Quickstart
Contents
Quickstart¶
After Installation, you can start querying your data using SQL.
Run the following code in an interactive python session, a python script or a jupyter notebook.
0. Cluster Setup¶
If you just want to try out dask-sql
quickly, this step can be skipped.
However, the real magic of dask
(and dask-sql
) comes from the ability to scale the computations over multiple cores and/or machines.
For local development and testing, a Distributed LocalCluster
(or, if using GPUs, a Dask-CUDA LocalCUDACluster
) can be deployed and a client connected to it like so:
from distributed import Client, LocalCluster
cluster = LocalCluster()
client = Client(cluster)
from dask_cuda import LocalCUDACluster
from distributed import Client
cluster = LocalCUDACluster()
client = Client(cluster)
There are several options for deploying clusters depending on the platform being used and the resources available; see Dask - Deploying Clusters for more information.
1. Data Loading¶
Before querying the data, you need to create a dask
data frame containing the data.
dask
understands many different input formats and sources.

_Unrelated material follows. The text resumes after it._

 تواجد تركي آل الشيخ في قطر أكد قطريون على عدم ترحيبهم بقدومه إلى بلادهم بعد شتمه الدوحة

In this example, we do not read in external data, but use test data in the form of random event time series:
import dask.datasets
df = dask.datasets.timeseries()
Read more on the data input part in Data Loading and Input.
2. Data Registration¶
If we want to work with the data in SQL, we need to give the data frame a unique name.
We do this by registering the data in an instance of a Context
:
from dask_sql import Context
c = Context()
c.create_table("timeseries", df)
from dask_sql import Context
c = Context()
c.create_table("timeseries", df, gpu=True)
From now on, the data is accessible as the timeseries
table of this context.
It is possible to register multiple data frames in the same context.
Hint
If you plan to query the same data multiple times, it might make sense to persist the data before:
c.create_table("timeseries", df, persist=True)
c.create_table("timeseries", df, persist=True, gpu=True)
3. Run your queries¶
Now you can go ahead and query the data with normal SQL!
result = c.sql("""
SELECT
name, SUM(x) AS "sum"
FROM timeseries
WHERE x > 0.5
GROUP BY name
""")
result.compute()
dask-sql
understands a large fraction of SQL commands, but there are still some missing.
Have a look into the SQL Syntax description for more information.
If you are using dask-sql
from a Jupyter notebook, you might be interested in the sql
magic function:
c.ipython_magic()
%%sql
SELECT
name, SUM(x) AS "sum"
FROM timeseries
WHERE x > 0.5
GROUP BY name
Note
If you have found an SQL feature, which is currently not supported by dask-sql
,
please raise an issue on our issue tracker.